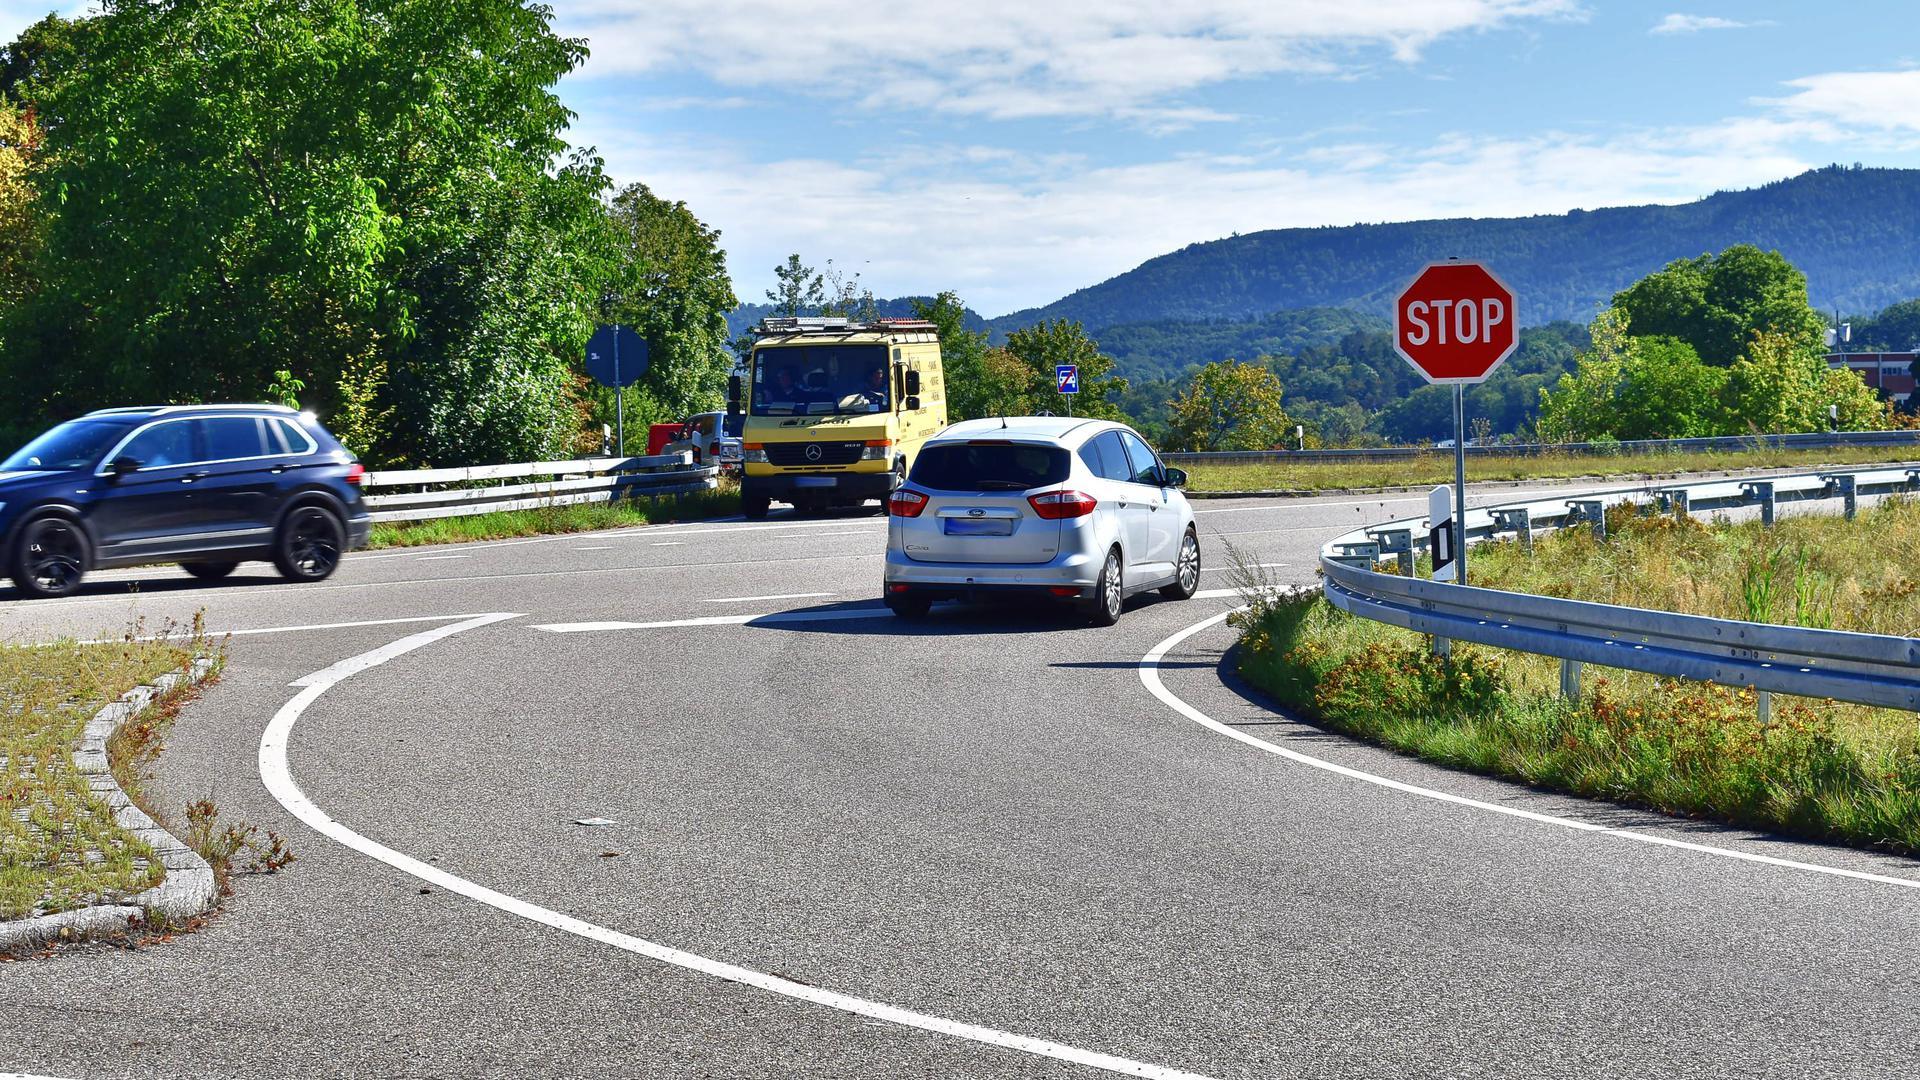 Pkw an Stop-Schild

* * *

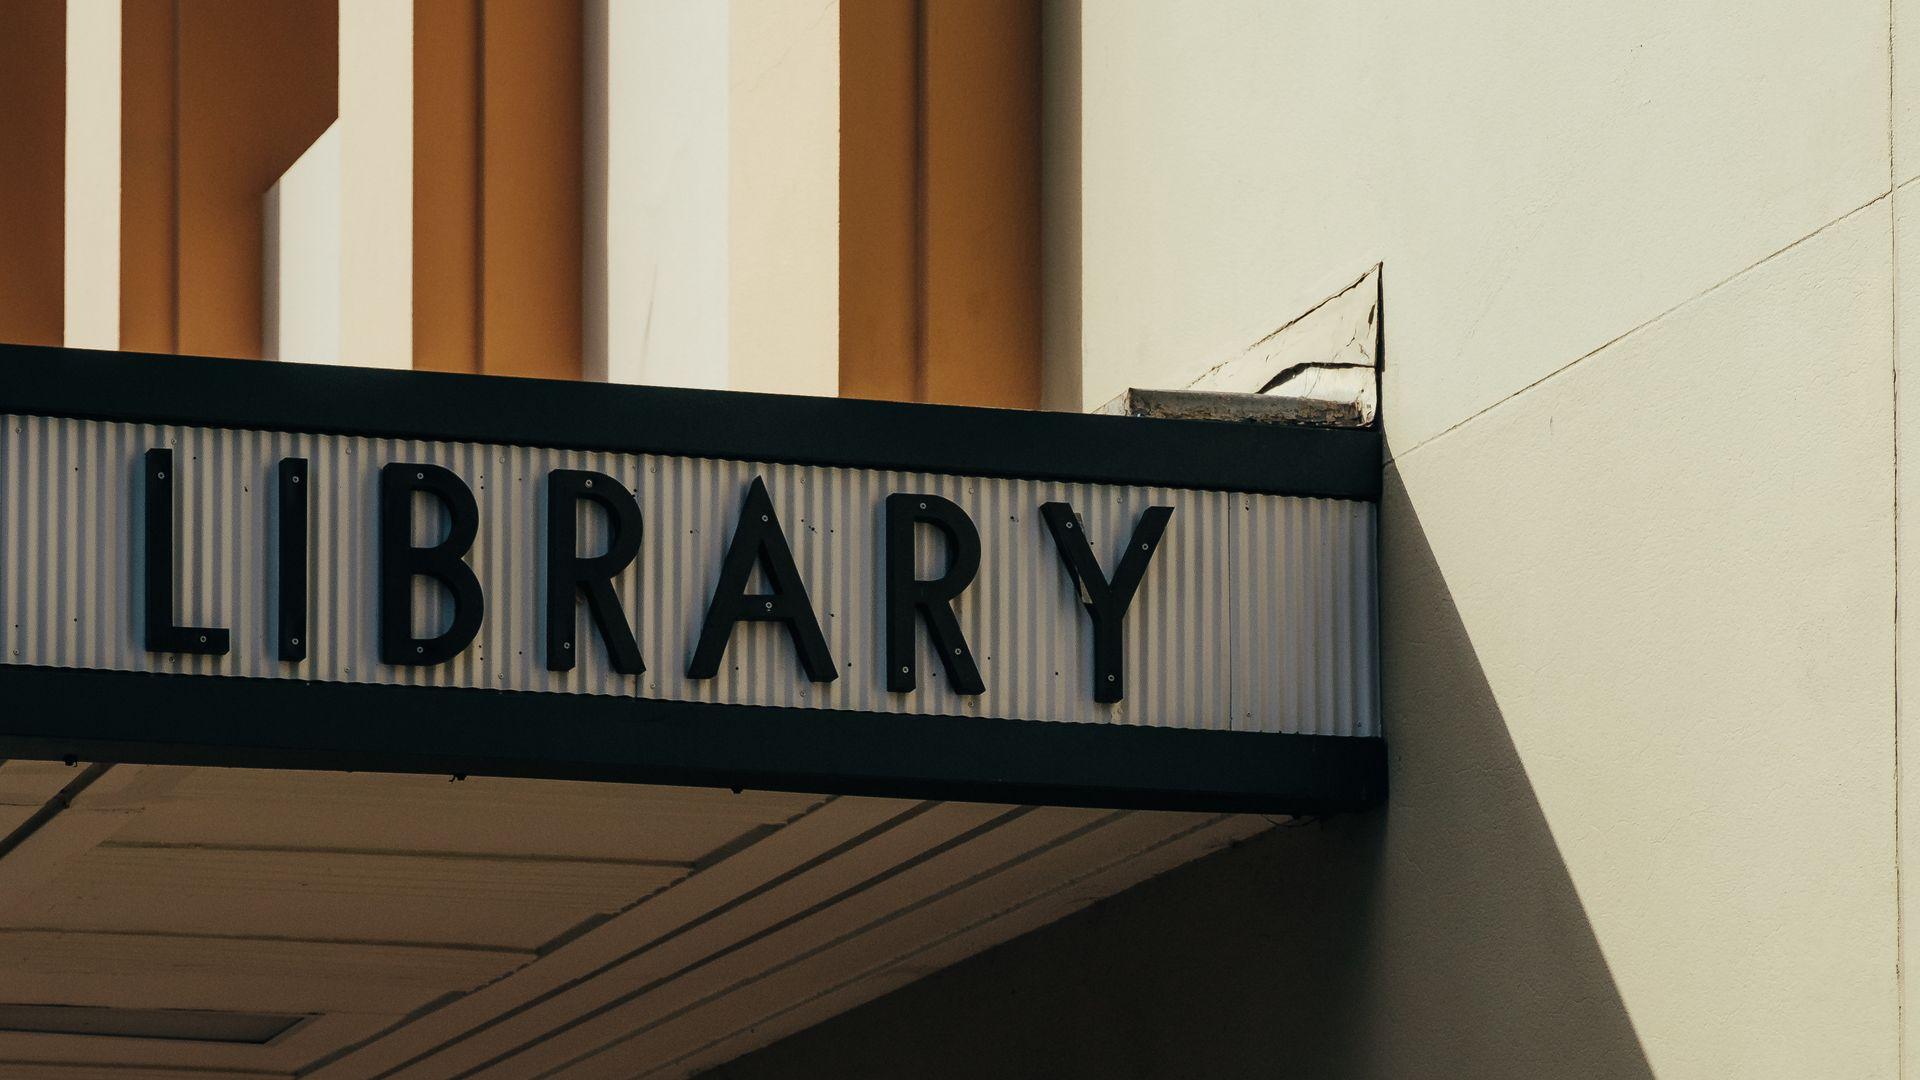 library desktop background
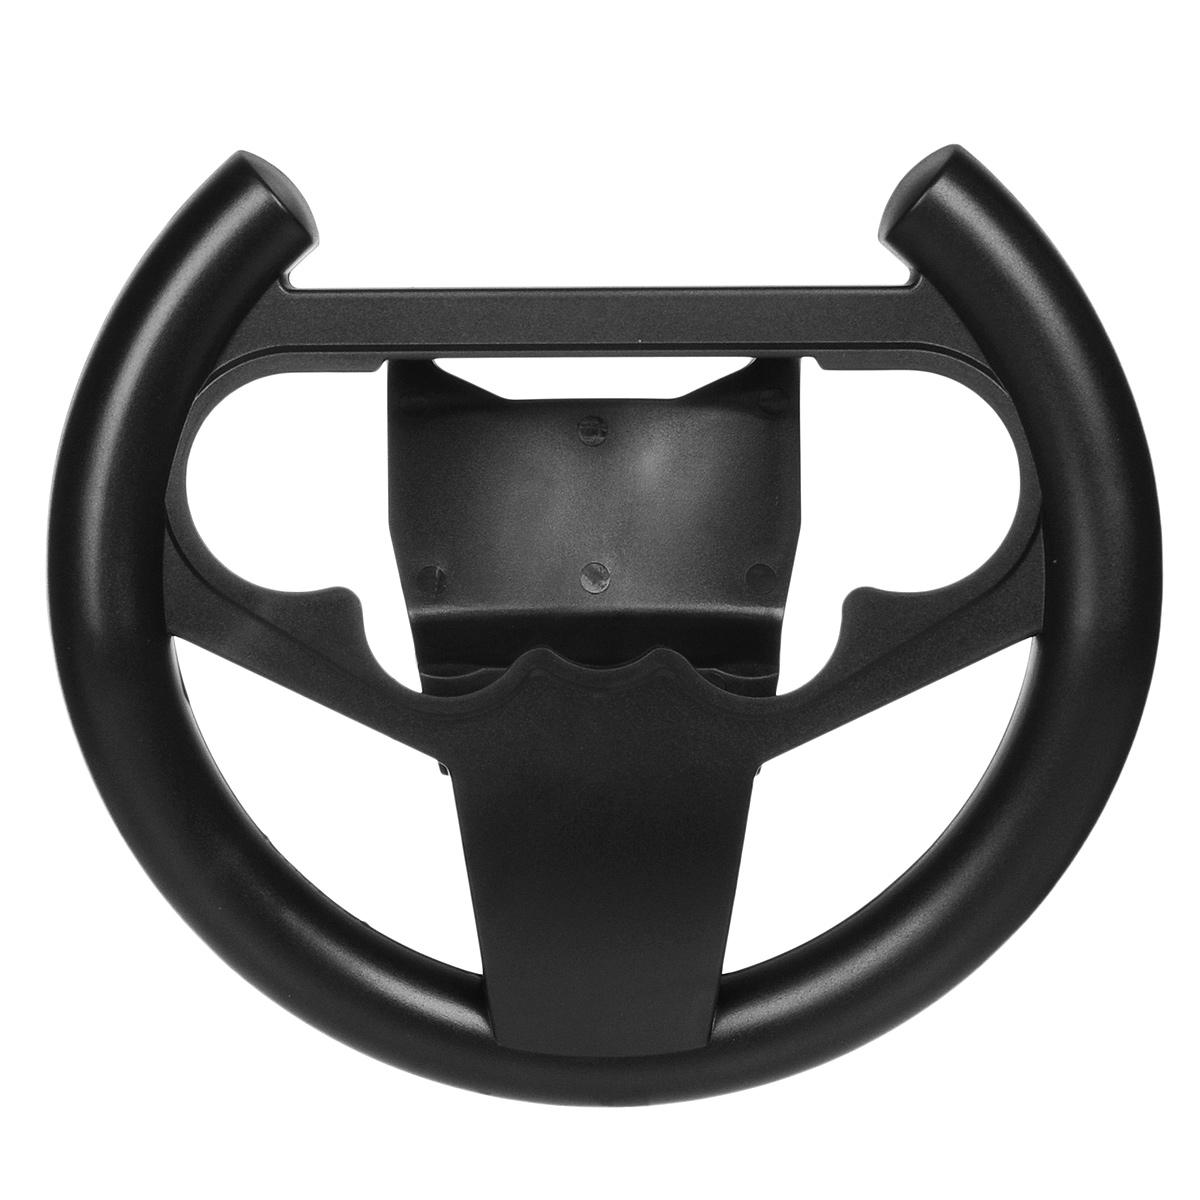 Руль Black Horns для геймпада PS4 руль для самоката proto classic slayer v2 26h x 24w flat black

THE TASK: Above are some records; quote exactly and only the lines that begin at the line containing "library desktop background" and stop after the line containing "Руль Black Horns", leaving out the pictures.

SOLUTION TO THE PROBLEM:
 library desktop background
 Руль Black Horns для геймпада PS4 руль для самоката proto classic slayer v2 26h x 24w flat black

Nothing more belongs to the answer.